The previous four-hour candle significantly spoiled the picture for BTC. This is a bearish engulfing pattern, and the bears fell just short of converting the price into a stable downtrend on the 4-hour timeframe according to our indicator.

Currently, there has only been one basic target fulfilled for the stable uptrend established on December 25 - $99,684. Breaking the uptrend after such modest fulfillment is a rare precedent for #BTC on this timeframe. The last time this happened with our indicator was back in early July of this year. Since then, with a signal of a stable uptrend, at least basic targets (and often additional ones) have been fulfilled in 12 out of 13 cases. For example, the previous signal from December 11 at the peak yielded +7.1%, with three basic targets and one additional being fulfilled.

For now, the uptrend remains, but the situation is shaky. To remove doubts, the price must recover above the Potential break level according to the indicator, which is $95,267. What is particularly concerning is that the movements since December 17 are increasingly reminiscent of a 'Bear Flag'. With targets around $85,000 and even $78,000. It's unlikely to expect a high percentage of bearish impulse fulfillment in a bullish market. However, if the price transitions into a stable downtrend on the 4-hour timeframe - it would update the low of December 20 ($92,232).

What about the mass signals of a stable uptrend on the hourly timeframe for more than 100 altcoins today?

For now, the absolute majority of them are still in force. Out of 105 assets that gave bullish signals, only 13 have returned to the bears.

Overall, during this impulsive decline, altcoins have performed well, ensuring a decrease in dominance to 58.09%. The 58% level remains key, and its possible breakout could trigger a sharp downward impulse in dominance. But alongside this, significant assets like SOL, LTC, and LINK have also entered downtrends on the four-hour timeframe (which is much more important). The potential for decline isn't super high, but 6-10% on basic targets is threatening.

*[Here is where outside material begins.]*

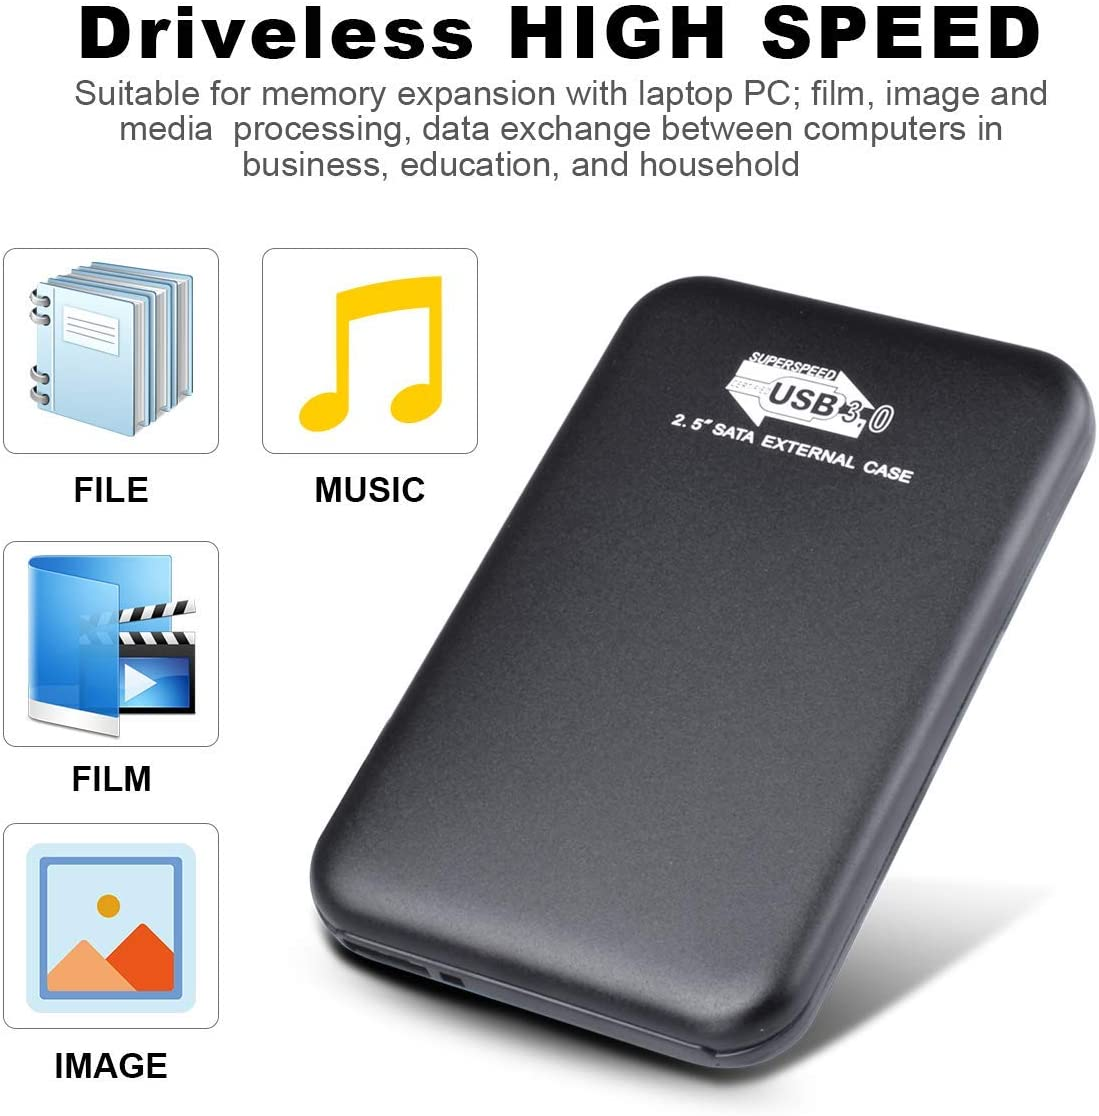 2TB, Black Laptop 1TB//2TB Portable External Hard Drive Ultra Thin External HDD USB 3.0 Hard Drive Compatible for PC Xbox 360 Mac,Desktop Xbox One PS4

Plus, the mentioned weakness of BTC is concerning.

Conflicting signals are accumulating, the question is which of them will be broken.

Returning to BTC - let's remember that yesterday, touching on the expiration of options, we performed an analysis of the Price Volatility Index and stated that to confirm the forecast, we need to wait for the daily candle to close. It closed, and the downward trend of the Index was confirmed. Moreover, its fulfillment continued today.

The forecast for a decrease in volatility until January 1-3 remains valid. Although, of course, today's 'whipsaw' doesn't quite align with the drop in volatility - it is, after all, relatively local, between the volume levels of $97,553 and $94,199. Within 3%.